Take the data below and write it out exactly, except for the pictures.
+++ RECORDED INFORMATION
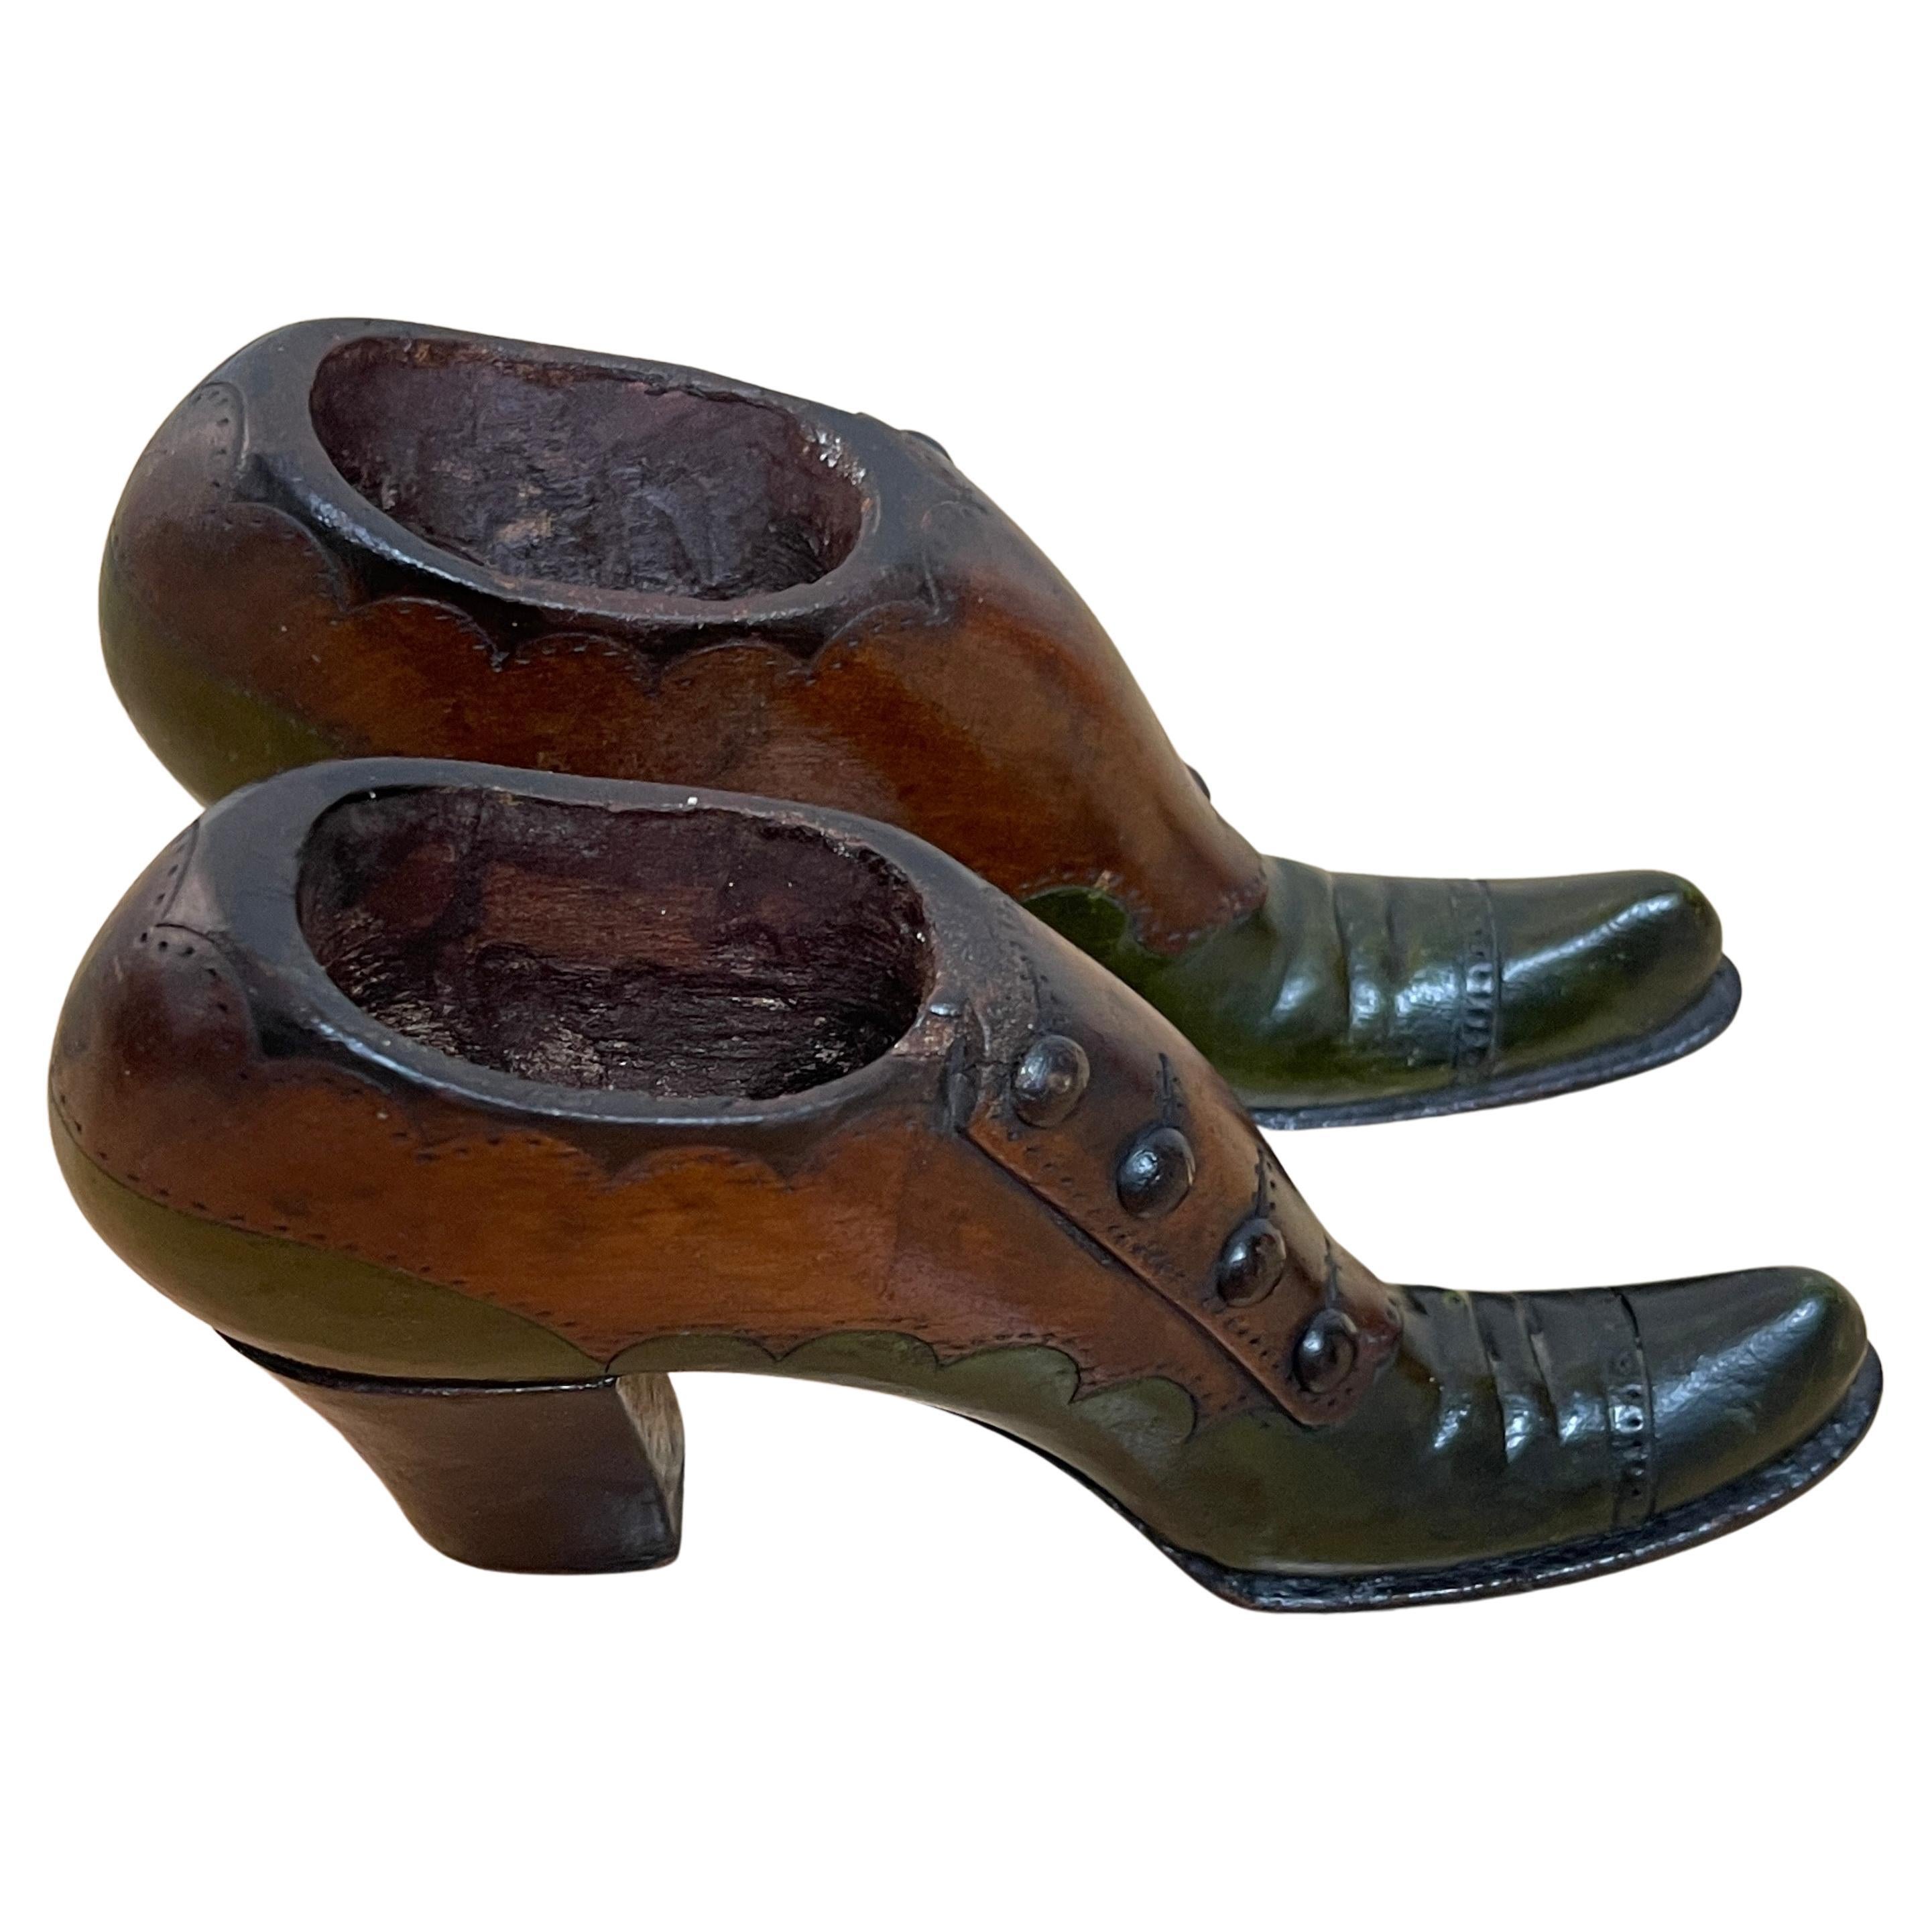 Paire d'échantillons/modèles de bottes en cuir de vendeur en bois dur sculpté de style Régence anglaise.
Angleterre, vers 1820

Remarquable exemple intact d'une paire d'échantillons de bottes de vendeur en cuir en bois dur sculpté et polychromé. La
++++++
= ANSWER SECTION =
 Paire d'échantillons/modèles de bottes en cuir de vendeur en bois dur sculpté de style Régence anglaise.
Angleterre, vers 1820

Remarquable exemple intact d'une paire d'échantillons de bottes de vendeur en cuir en bois dur sculpté et polychromé. La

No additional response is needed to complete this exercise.